We had an interesting conversation today about the past few week’s data breaches – and how, as the first P2PE provider in the U.S. to be validated by PCI in March, we’ve already had conversations with some of the companies that are showing up in the news.
And for various reasons, several have decided to hold off on implementing P2PE – product roadmap is too cramped, IT is preoccupied with the October 2015 EMV deadline, or in some cases, companies don’t want to spend additional money on security.
To which we just shake our heads when a breach does happen because Ponemon and Symantec have reported that a breach costs an enterprise or merchant $188 per consumer record – not per transaction (can you even imagine?). So if there are 120,000 unique consumers that use the same card every time they shop at a store, a breach of those 120,000 records could cost about $22.5 million dollars.
From a security standpoint, in our opinion, if implementing P2PE cost even 5% of what a breach costs a company (which it doesn’t), we would think that most retailers would be willing to move a roadmap so that they are “insured” in the case of a breach.
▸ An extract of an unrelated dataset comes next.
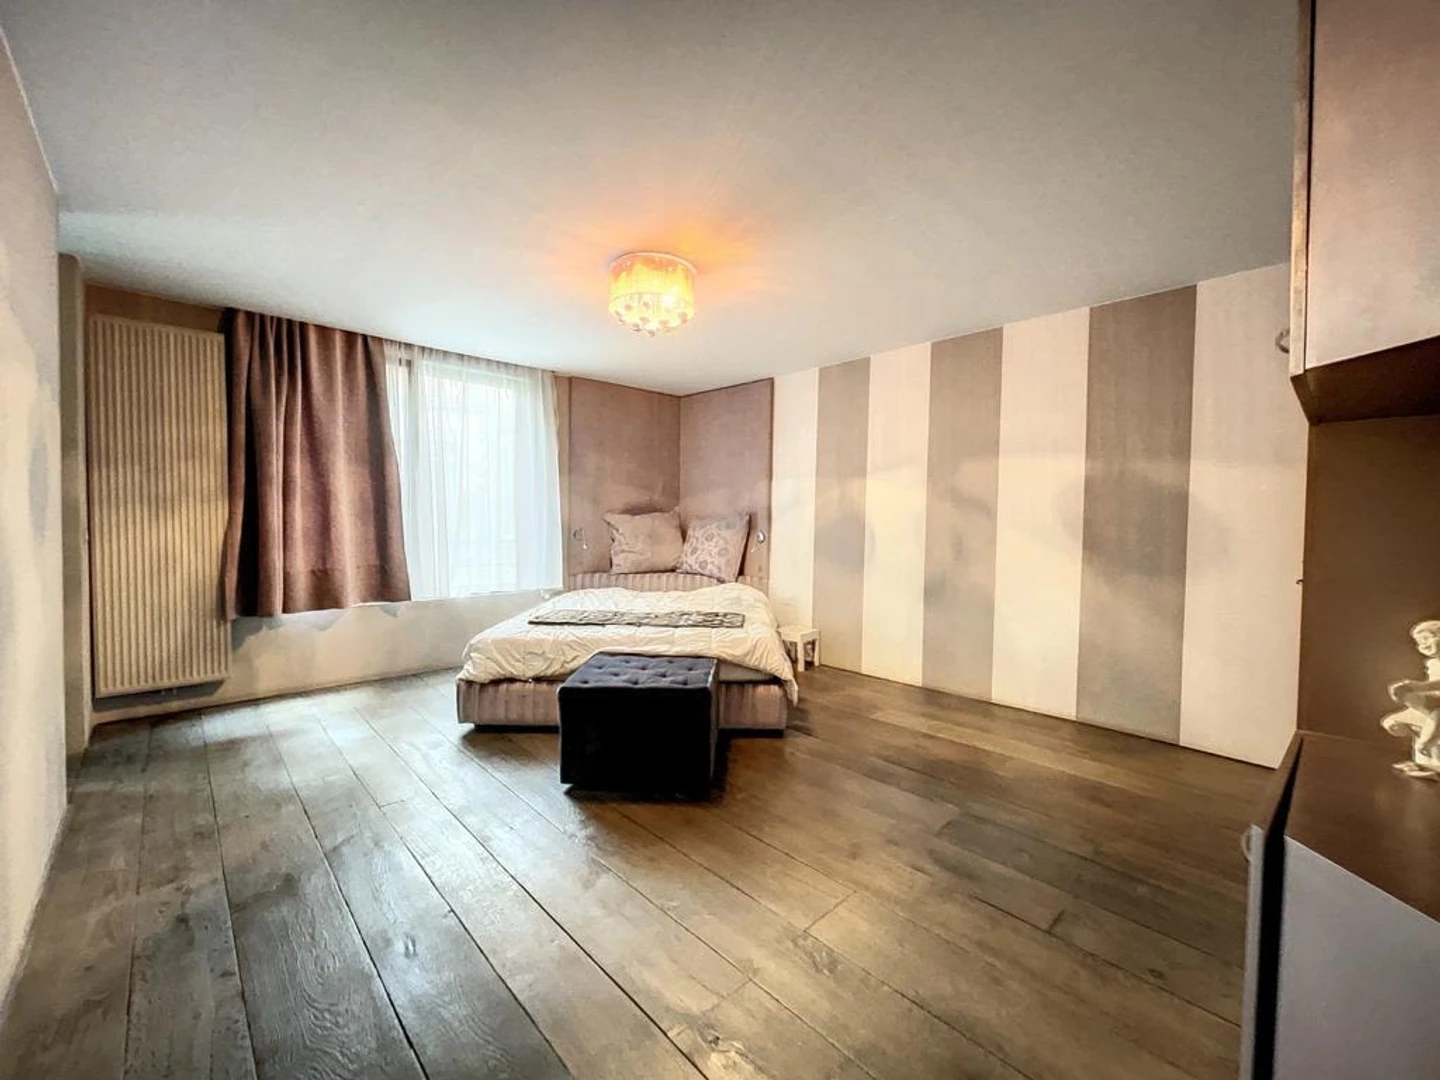 Bruxelles/brussel içinde 2 yatak odalı konaklama

But we’ve come to the conclusion that additional security is a bit like life insurance. We may know that we all need it – because let’s face it, no one is going to live forever – but there are competing financial priorities. Even though the average cost of life insurance is just $5 per month, and 85% of consumers agree that most people need life insurance, just 62% say they have it.
Our thought is that P2PE is “insurance” against the loss of card data if a breach occurs…which unfortunately may be inevitable for any U.S. company: big, small, convenience store, department store, grocery, auto, it doesn’t matter. While a breach is not as inevitable as death, if the biggest companies in the U.S., like Home Depot and Target, can be compromised, any company can. And thieves don’t care if they get credit card data from Johnny’s Corner Automotive, Tina’s Dry Cleaners, or a major chain. Credit card data will sell on the black market regardless of where it came from.
Bluefin’s Chief Innovation Officer, Ruston Miles, will be speaking at this week’s The Money Event on P2PE, EMV and NFC and at this month’s Merchant Advisory Group annual summit on P2PE, EMV and Tokenization. Why so many technologies? Because while we are huge advocates for P2PE because of WHAT it protects and WHERE (cardholder data encrypted at the point of entry) – there is no silver bullet for security.
Watching NBC and CBS national news last night reporting on the Home Depot breach and hailing EMV as if it will all of a sudden magically put an end to these breaches is laughable to those who understand the industry – and plain insulting to the everyday consumer who, in a year and a half from now, is looking at their credit card statement and wondering why, if they used their Chip and PIN, $15,000 worth of electronics were just charged to their credit card.